While we've established that for the first time that a new Avatarium record may not feel as fresh in context of their catalogue, The Fire I Long For does have two things going for it that make it a step up from Hurricanes and Halos. Firstly it's doom metal again as I've pointed out and while Avatarium proved a quite competent heavy psych act on Hurricanes and Halos, they're an exceptional doom metal act. This is the genre they started off in and it's the genre that they shine in. Doom metal, especially the psychedelic influenced kind as Avatarium play, seems to be tailor-made for a singer like Avatarium's Jennie-Ann Smith as well.

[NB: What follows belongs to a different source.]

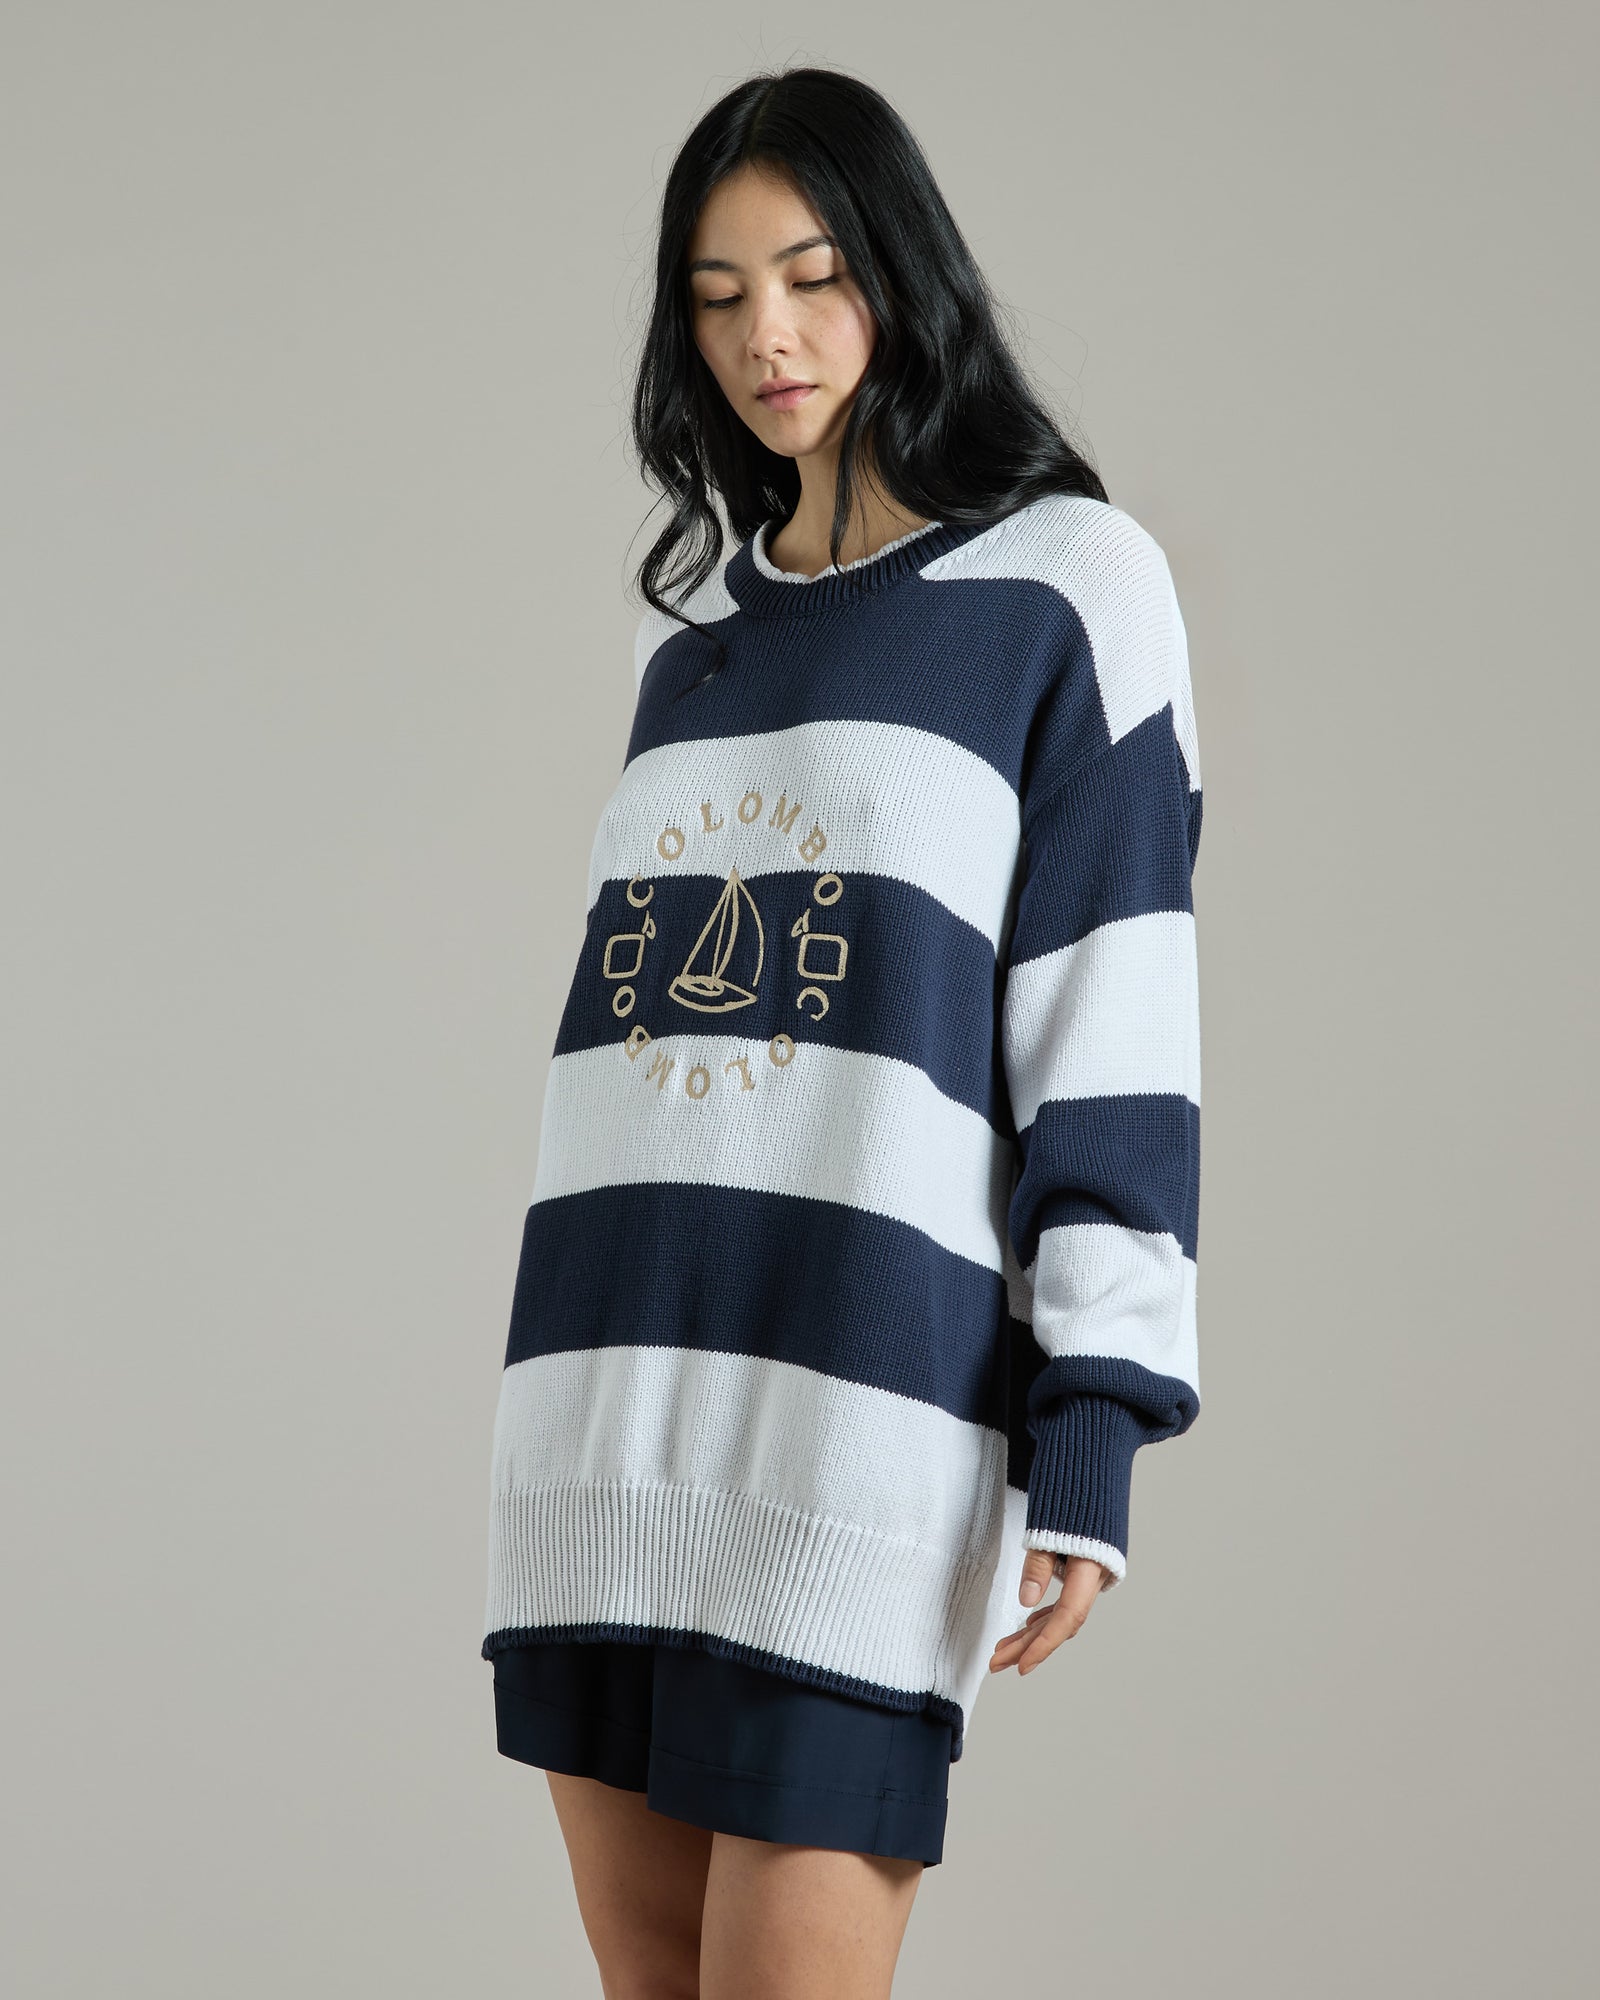 Oversized crew neck sweater with stripes
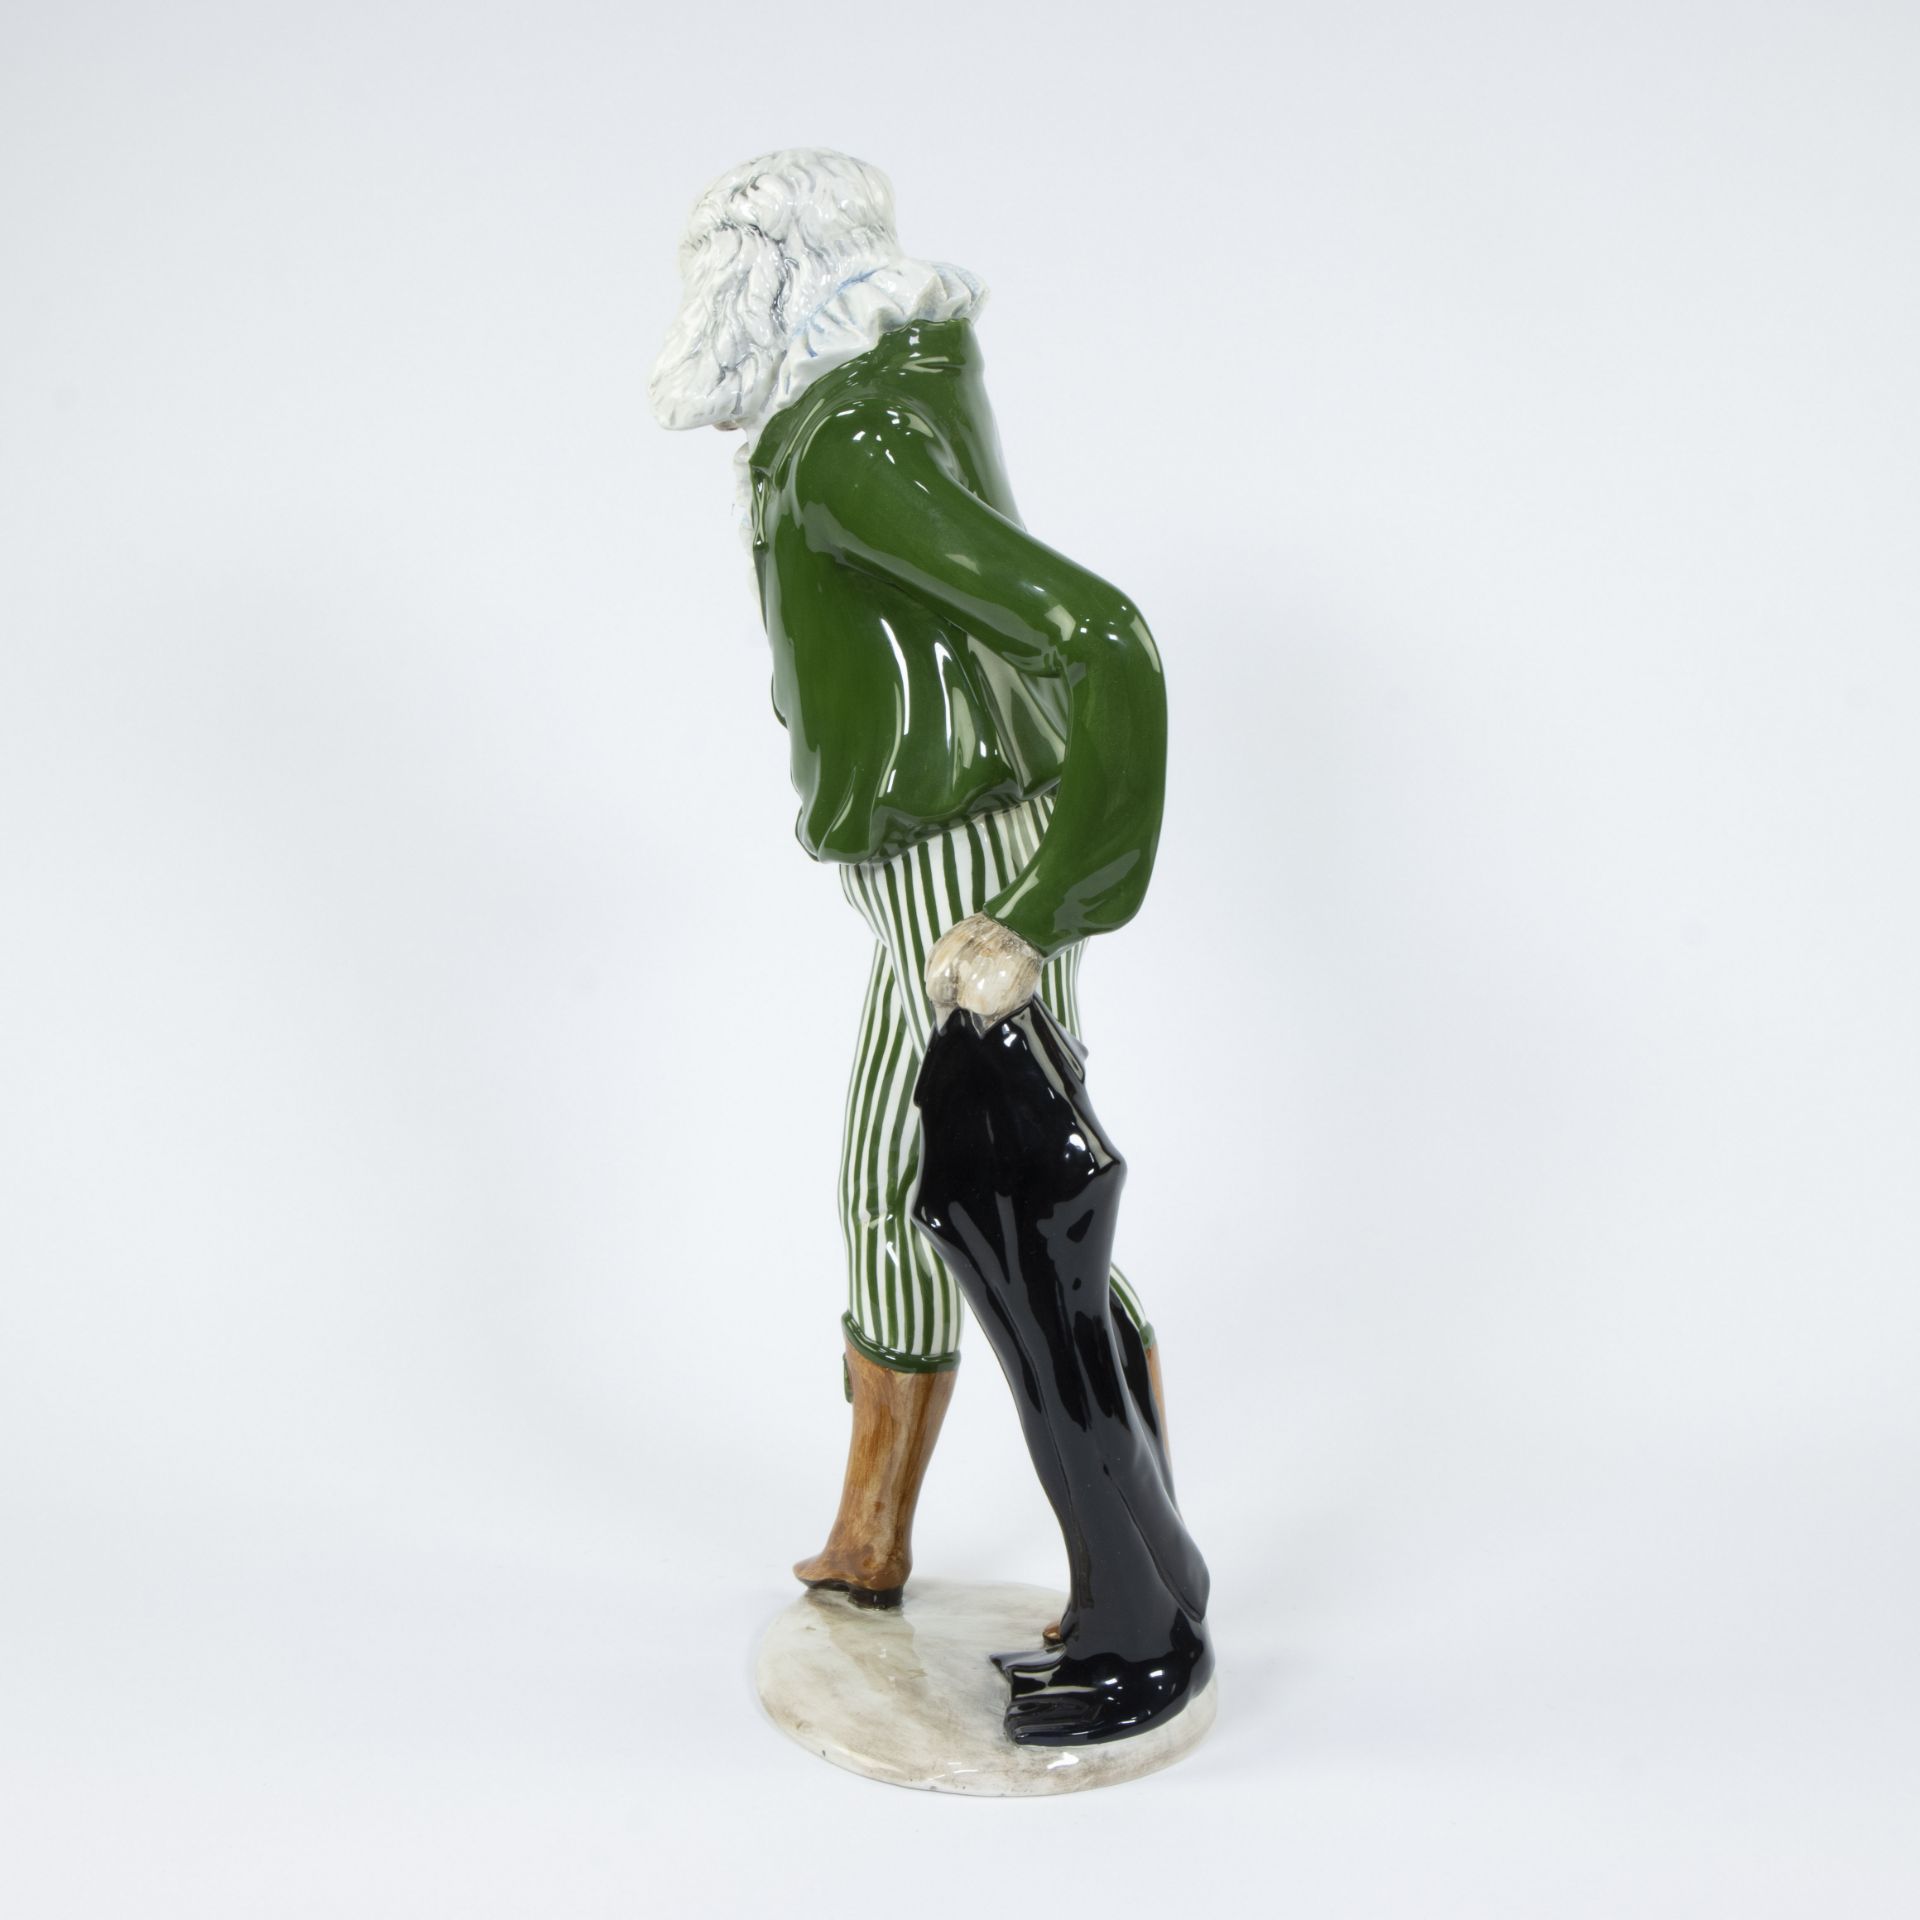 Large ceramic sculpture of a human with the head of a dog, special edition series ‘St Mary Mead’ mod - Image 2 of 5

That isn't the second reason by the way. The actual second reason is that the song-writing is that much more memorable this time around. There sadly just aren't many details that I can recall about Hurricanes and Halos after some time away from it, except for the excellent opening track Into the Fire / Into the Storm. This isn't true of the first two albums, where hooks flood back without requiring a revisit, no doubt because there's only so long I can go before those albums pull me back. And as for The Fire I Long For, there are already several tracks that have infected me, not least the title track, Voices, and Rubicon. While it is still early days yet, I can't foresee a future where it doesn't go into rotation at least as much as the first two records.

A return to form all round and to be cliché, this was the album I longed for after the last one. Regarding which I have not meant to be disrespectful to in this review despite some comments that even when positive no doubt read as barbed. I quite like Hurricanes and Halos. It's one of those albums I enjoy when I do play it, but I rarely crave it. On the other hand I just love Avatarium, The Girl With the Raven Mask and now The Fire I Long For as well. It's a doom metal highlight for 2019.